REQUIRED WORK >> Reproduce the line that holds "Strafrecht der Deutschen" together with all the lines after it up to the end of the entries.

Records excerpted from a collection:
--- START ---

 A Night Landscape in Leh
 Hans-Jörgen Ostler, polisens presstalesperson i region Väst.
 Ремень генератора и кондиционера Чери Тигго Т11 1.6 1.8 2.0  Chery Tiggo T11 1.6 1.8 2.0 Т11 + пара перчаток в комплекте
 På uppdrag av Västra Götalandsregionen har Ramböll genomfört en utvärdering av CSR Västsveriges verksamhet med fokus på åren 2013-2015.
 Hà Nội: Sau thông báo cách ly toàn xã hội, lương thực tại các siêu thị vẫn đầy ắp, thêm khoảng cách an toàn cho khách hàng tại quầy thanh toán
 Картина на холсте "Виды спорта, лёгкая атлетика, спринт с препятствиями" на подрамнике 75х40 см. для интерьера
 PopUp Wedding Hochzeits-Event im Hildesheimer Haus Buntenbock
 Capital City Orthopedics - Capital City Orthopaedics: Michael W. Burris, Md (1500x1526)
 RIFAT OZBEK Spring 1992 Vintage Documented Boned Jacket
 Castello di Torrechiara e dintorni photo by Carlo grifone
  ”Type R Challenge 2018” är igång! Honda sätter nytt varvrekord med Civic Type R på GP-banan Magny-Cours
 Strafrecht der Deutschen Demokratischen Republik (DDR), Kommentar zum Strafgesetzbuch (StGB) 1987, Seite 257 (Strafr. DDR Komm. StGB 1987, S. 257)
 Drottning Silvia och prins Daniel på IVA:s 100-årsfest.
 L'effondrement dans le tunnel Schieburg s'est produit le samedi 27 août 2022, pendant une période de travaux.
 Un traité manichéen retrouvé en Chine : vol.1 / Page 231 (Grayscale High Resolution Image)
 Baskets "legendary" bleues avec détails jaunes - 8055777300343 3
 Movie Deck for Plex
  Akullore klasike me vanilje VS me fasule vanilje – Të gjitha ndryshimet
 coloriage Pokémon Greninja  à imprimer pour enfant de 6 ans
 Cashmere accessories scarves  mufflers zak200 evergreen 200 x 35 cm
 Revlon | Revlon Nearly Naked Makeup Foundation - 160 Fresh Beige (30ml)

--- END ---

SOLUTION TO THIS EXERCISE >>
 Strafrecht der Deutschen Demokratischen Republik (DDR), Kommentar zum Strafgesetzbuch (StGB) 1987, Seite 257 (Strafr. DDR Komm. StGB 1987, S. 257)
 Drottning Silvia och prins Daniel på IVA:s 100-årsfest.
 L'effondrement dans le tunnel Schieburg s'est produit le samedi 27 août 2022, pendant une période de travaux.
 Un traité manichéen retrouvé en Chine : vol.1 / Page 231 (Grayscale High Resolution Image)
 Baskets "legendary" bleues avec détails jaunes - 8055777300343 3
 Movie Deck for Plex
  Akullore klasike me vanilje VS me fasule vanilje – Të gjitha ndryshimet
 coloriage Pokémon Greninja  à imprimer pour enfant de 6 ans
 Cashmere accessories scarves  mufflers zak200 evergreen 200 x 35 cm
 Revlon | Revlon Nearly Naked Makeup Foundation - 160 Fresh Beige (30ml)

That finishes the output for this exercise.